WORK REQUIRED:
From the listing below, reproduce word for word the part that opens with the line containing "Avengers 4: Endgame" and closes with the line containing "Greco Hertnick Funeral Home Obituaries"; reproduce nothing else.

RECORDED INFORMATION:
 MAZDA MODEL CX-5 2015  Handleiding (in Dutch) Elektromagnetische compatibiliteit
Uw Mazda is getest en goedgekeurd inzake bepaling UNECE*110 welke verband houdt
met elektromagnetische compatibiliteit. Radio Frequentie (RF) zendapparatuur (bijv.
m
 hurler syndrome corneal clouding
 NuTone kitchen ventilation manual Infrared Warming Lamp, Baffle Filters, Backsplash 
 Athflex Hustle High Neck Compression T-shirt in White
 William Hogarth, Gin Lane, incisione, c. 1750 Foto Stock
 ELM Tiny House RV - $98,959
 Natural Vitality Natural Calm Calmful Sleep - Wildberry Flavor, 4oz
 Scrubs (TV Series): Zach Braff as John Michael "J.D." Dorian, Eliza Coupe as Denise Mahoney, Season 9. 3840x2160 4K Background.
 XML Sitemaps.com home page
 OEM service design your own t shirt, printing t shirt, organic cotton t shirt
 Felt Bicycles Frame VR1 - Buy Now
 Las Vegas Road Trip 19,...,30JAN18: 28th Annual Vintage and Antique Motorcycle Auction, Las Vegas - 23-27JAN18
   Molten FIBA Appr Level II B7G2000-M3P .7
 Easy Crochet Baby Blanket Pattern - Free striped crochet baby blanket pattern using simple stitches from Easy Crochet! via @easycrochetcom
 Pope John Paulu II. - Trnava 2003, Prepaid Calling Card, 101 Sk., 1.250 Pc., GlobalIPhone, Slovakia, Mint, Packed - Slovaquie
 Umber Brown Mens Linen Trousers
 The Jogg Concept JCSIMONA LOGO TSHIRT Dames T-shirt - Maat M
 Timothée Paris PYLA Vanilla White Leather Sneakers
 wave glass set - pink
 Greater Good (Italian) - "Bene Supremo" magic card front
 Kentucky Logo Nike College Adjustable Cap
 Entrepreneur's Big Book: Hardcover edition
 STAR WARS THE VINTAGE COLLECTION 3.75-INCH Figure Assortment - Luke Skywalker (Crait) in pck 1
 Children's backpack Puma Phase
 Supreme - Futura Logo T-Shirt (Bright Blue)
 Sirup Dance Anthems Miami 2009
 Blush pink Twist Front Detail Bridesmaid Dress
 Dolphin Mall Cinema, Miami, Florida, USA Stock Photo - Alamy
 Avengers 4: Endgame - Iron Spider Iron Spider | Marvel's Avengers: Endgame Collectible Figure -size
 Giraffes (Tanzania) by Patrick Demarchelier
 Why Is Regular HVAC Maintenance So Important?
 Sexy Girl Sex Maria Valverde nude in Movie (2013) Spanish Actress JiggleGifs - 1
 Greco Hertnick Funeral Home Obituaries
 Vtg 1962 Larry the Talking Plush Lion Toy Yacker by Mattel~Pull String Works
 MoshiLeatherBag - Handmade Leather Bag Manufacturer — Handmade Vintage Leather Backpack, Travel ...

RESULT FOR THIS EXERCISE:
 Avengers 4: Endgame - Iron Spider Iron Spider | Marvel's Avengers: Endgame Collectible Figure -size
 Giraffes (Tanzania) by Patrick Demarchelier
 Why Is Regular HVAC Maintenance So Important?
 Sexy Girl Sex Maria Valverde nude in Movie (2013) Spanish Actress JiggleGifs - 1
 Greco Hertnick Funeral Home Obituaries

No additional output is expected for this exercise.